Einstein's Big Idea homepage

E = mc2 is probably the most recognized physics equation among the general public, beating out Newton's Second Law of motion, F = ma. Despite that recognition by the outside world, E = mc2 is hardly ever used all by itself by practicing physicists for any sort of calculation. It is only true if you are talking about masses that are at rest. The total energy of an object includes both the "intrinsic energy" of the mass itself as well as the extra energy coming from the object's motion. In particle physics, nothing we study is ever at rest, and so E = mc2 on its own doesn't really help us to solve problems.

Einstein's most famous equation is really an icon, a symbol for the whole fabric of special relativity that Einstein discovered and laid out for us to use in 1905. That fabric is the core both of our understanding of the nature of matter and of how we produce, manipulate, and analyze the tiny, short-lived bits of matter that lead us down the road of that understanding. Relativistic quantum mechanics, my specialty, focuses on conservation of energy, conservation of momentum, and how particles interact with one another and transform from one kind to another while keeping all mass and energy balanced. Without all of that, none of my work would make sense or even be possible.

My own physics involves colliding high-energy beams of electrons and positrons (antimatter electrons) to produce new, short-lived particles. Those particles decay into groups of two or three (or more) other short-lived particles, which decay in turn, until we end up with a spray of a few to a dozen or more particles stable enough to pass all the way through our three-meter-thick collection of detectors. At every step of that process, relativity is essential to making our devices work correctly and to understanding the data that come out.

Creating collisions

We accelerate electrons using electric fields inside copper pipes. Microwaves help generate and maintain these fields. If the electrons were made to "go faster" by that acceleration, then at each step of the process they would cover a longer and longer distance in each time step, and we would have to continuously change the microwave frequency to match. But relativity tells us that the speed of light is a maximum limit. The more energy we put into accelerating our electrons, the closer their speed gets to c, but no matter how much energy we put into them, they can never move faster than c. The benefit of this to us is that we can design our system as though the electrons have constant speed, and hence we can use the same microwave frequency everywhere. The electrons get more and more energetic, but relativity means that they pass through each section of pipe in the same amount of time.
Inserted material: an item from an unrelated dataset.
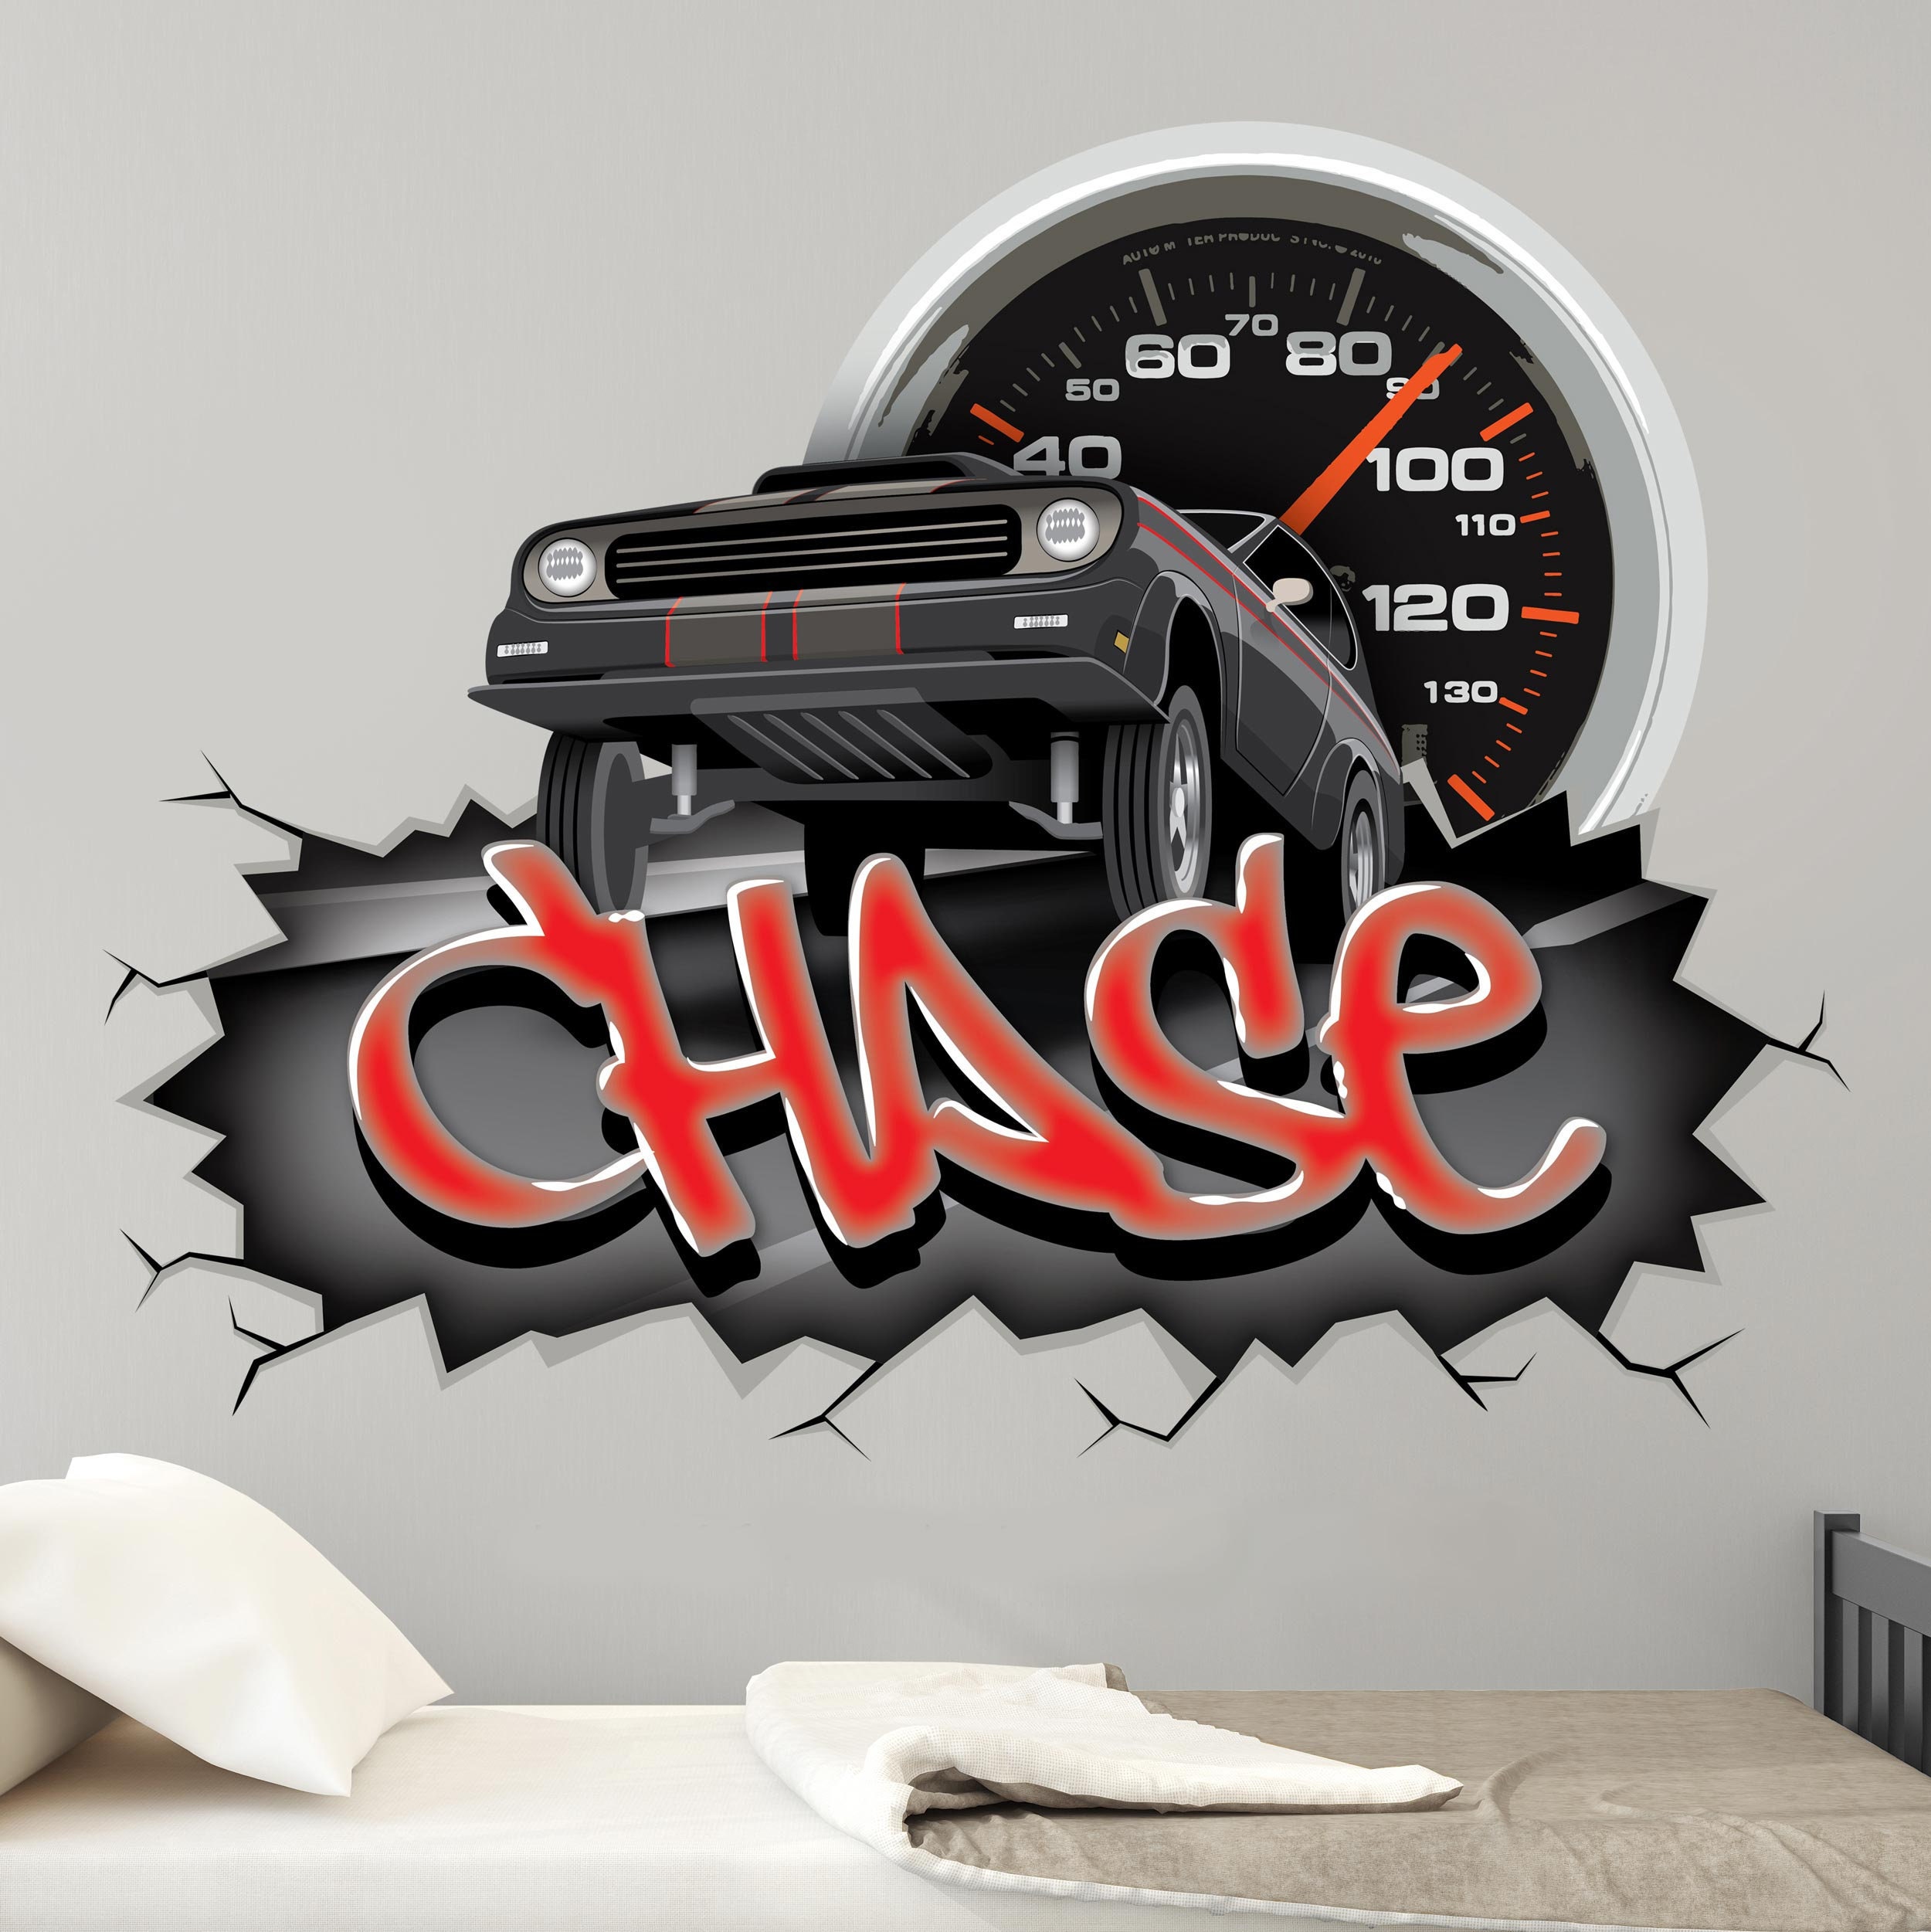 Made in USA. Boys Bedroom NASCAR RACING CAR Quality Removable Wall Stickers

I can’t imagine my work without E = mc2.

The equivalence of mass and energy explained by E = mc2 is what allows us to create the anti-electrons we use in our collisions. After accelerating the electron beam, we take a part of that beam and aim it into a stack of heavy metal (tungsten) plates. As the electrons pass close to the metal atoms, some of the energy of their motion transforms into mass, into pairs of new electrons and positrons, moving forward along with the initial beam at high energy. Those new particles in turn have some of their energy turned into additional electron-positron pairs, and so on. After many such interactions, much of the beam's energy has been converted to mass. What comes out the far side of the stack of plates is a "spray" of electrons, positrons, and gamma radiation (photons). We use complex magnetic fields to capture and collect the positrons, and then we put them through the same accelerator to get them up to high energies.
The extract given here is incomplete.